Exercise material:
============================================================
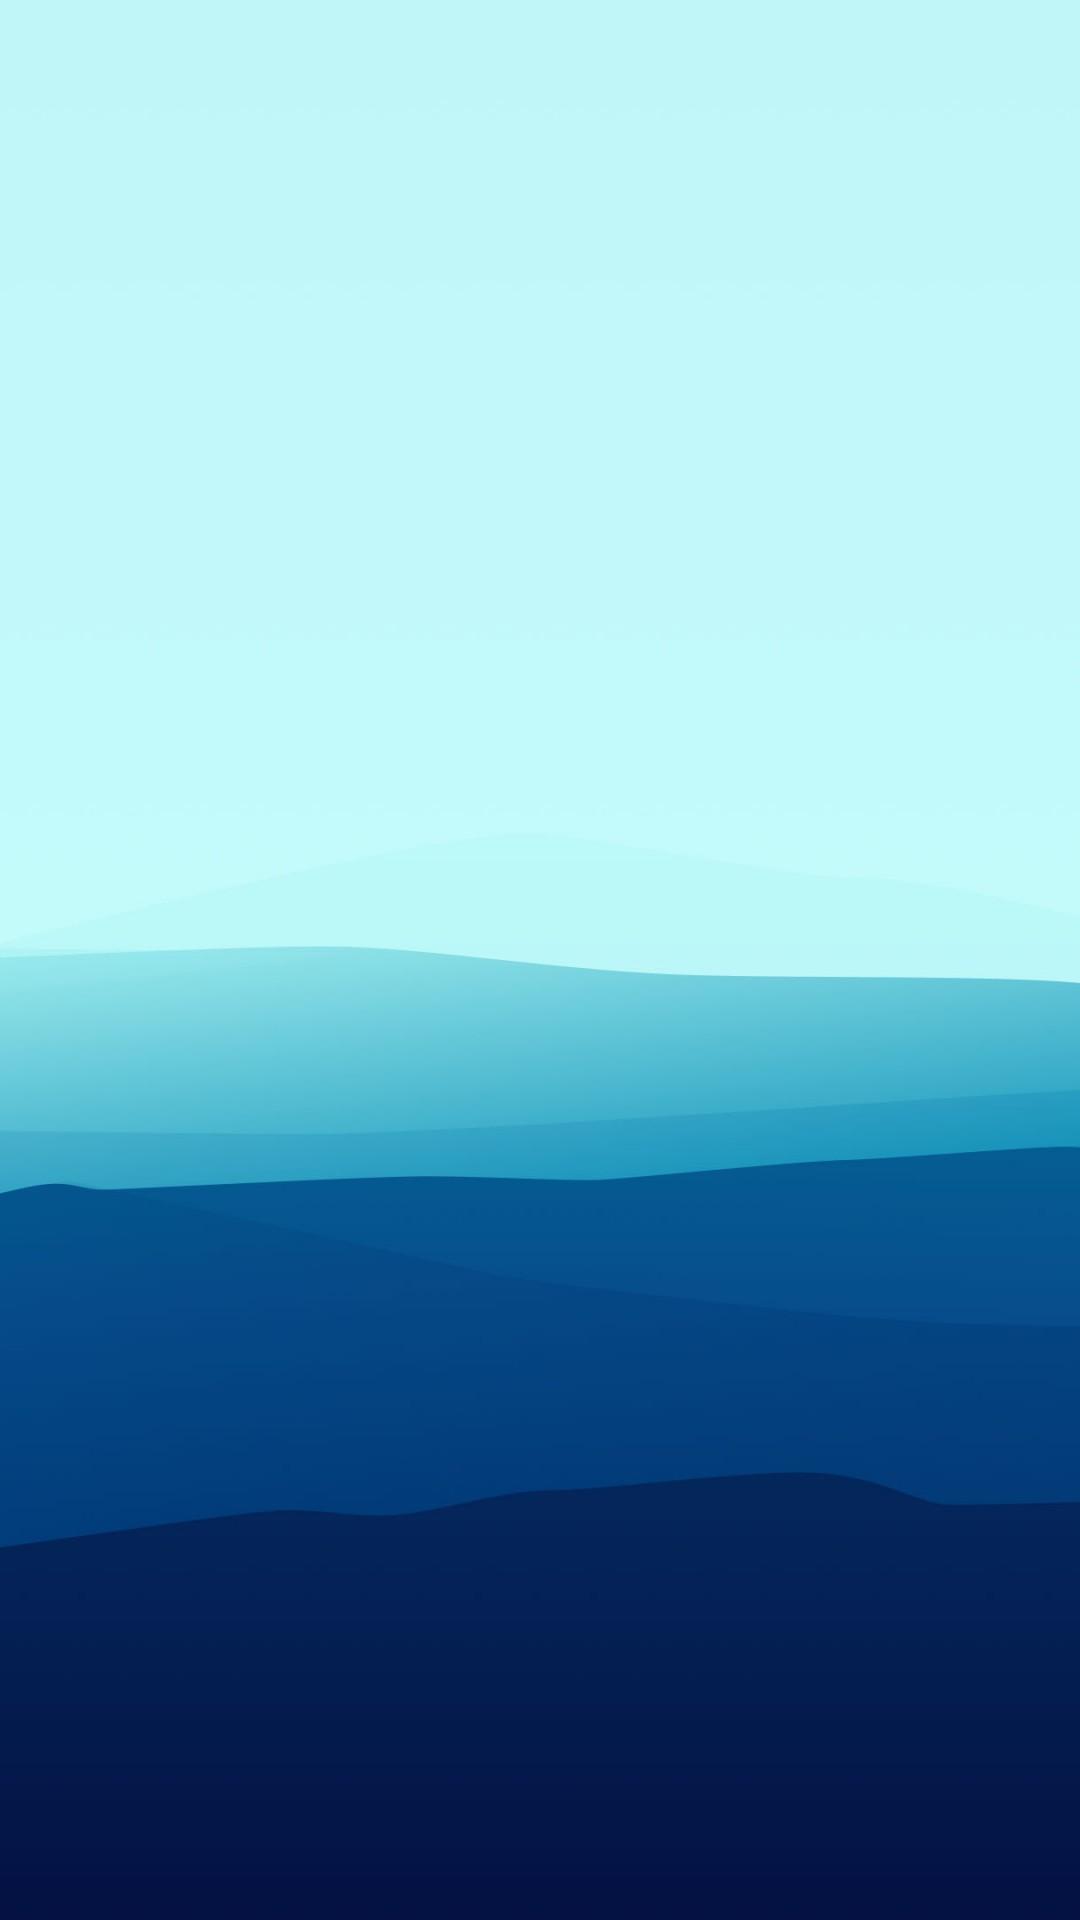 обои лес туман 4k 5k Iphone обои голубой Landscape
============================================================
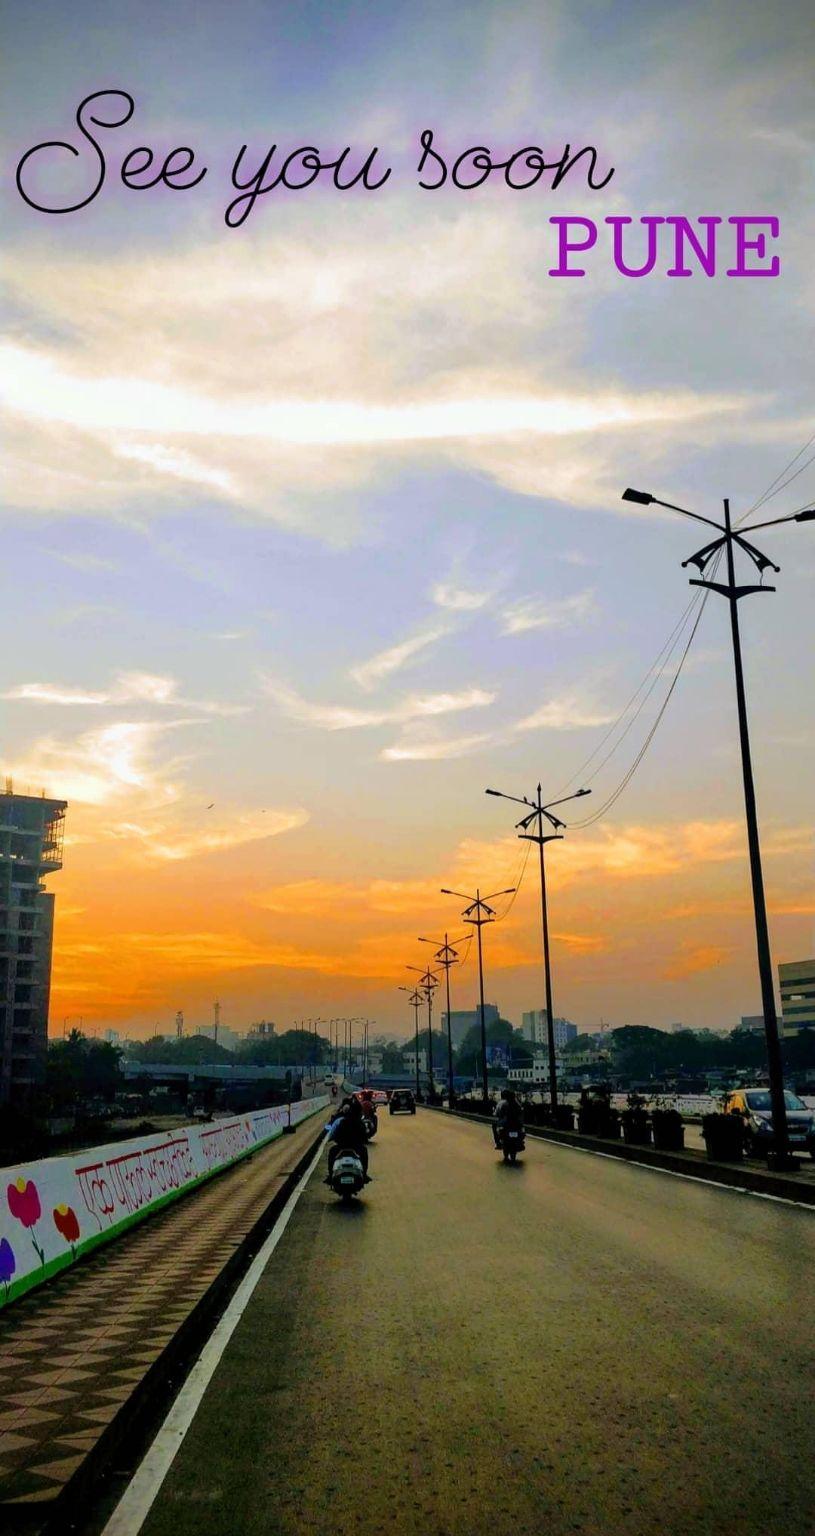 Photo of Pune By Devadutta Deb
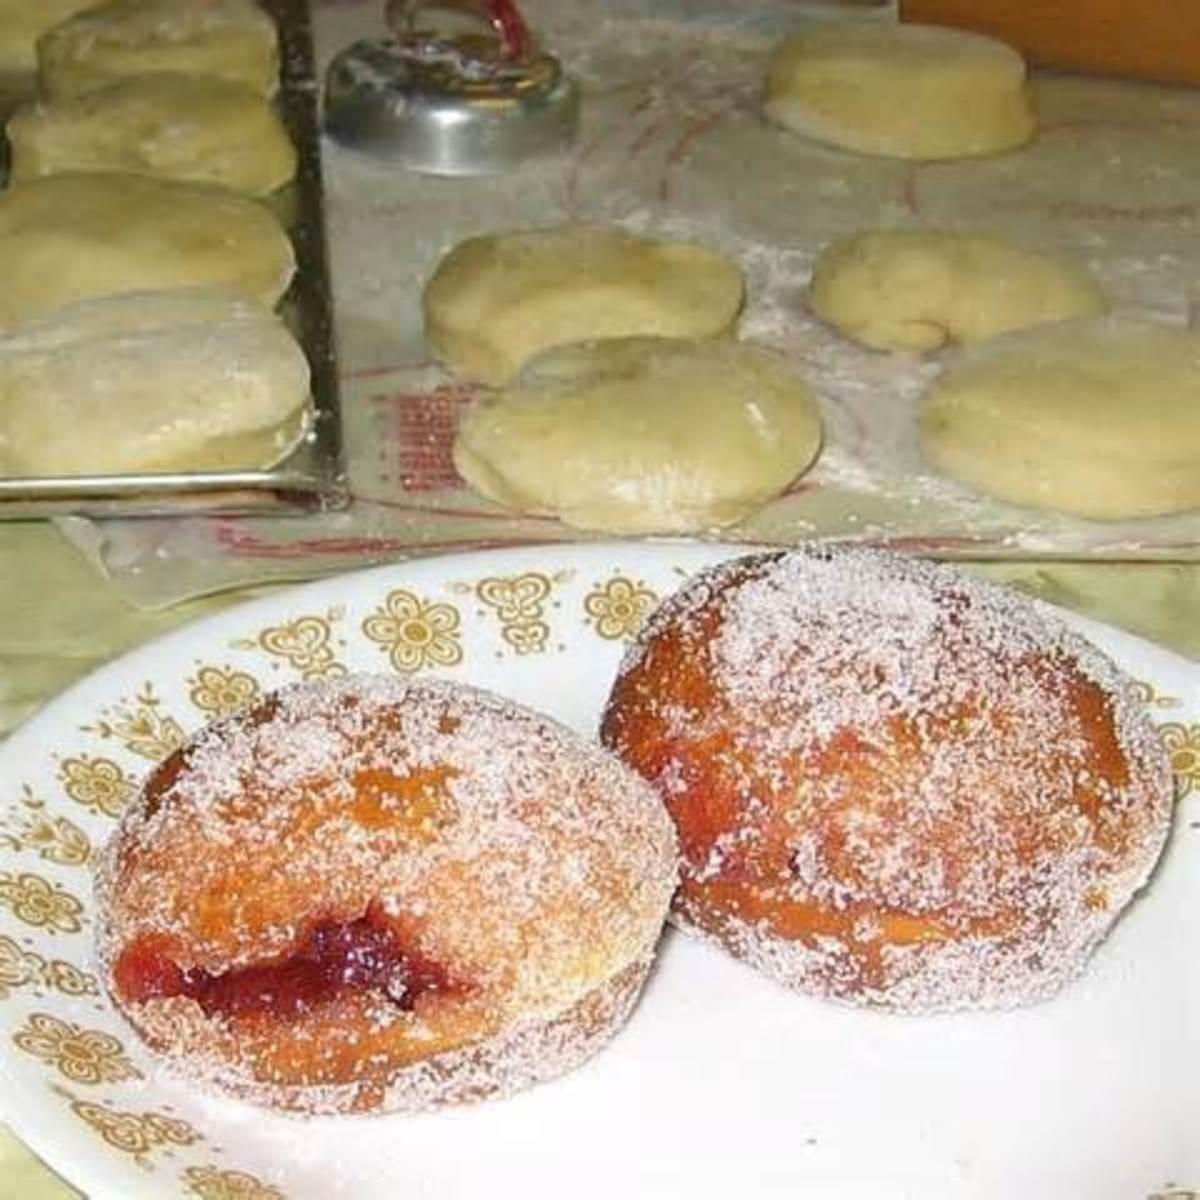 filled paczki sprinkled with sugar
============================================================
Go back to the lines above and output, exactly as they stand, the ones from the line containing "Photo of Pune By Devadutta Deb" to the line containing "filled paczki sprinkled with sugar". Leave all pictures behind.

 Photo of Pune By Devadutta Deb
 filled paczki sprinkled with sugar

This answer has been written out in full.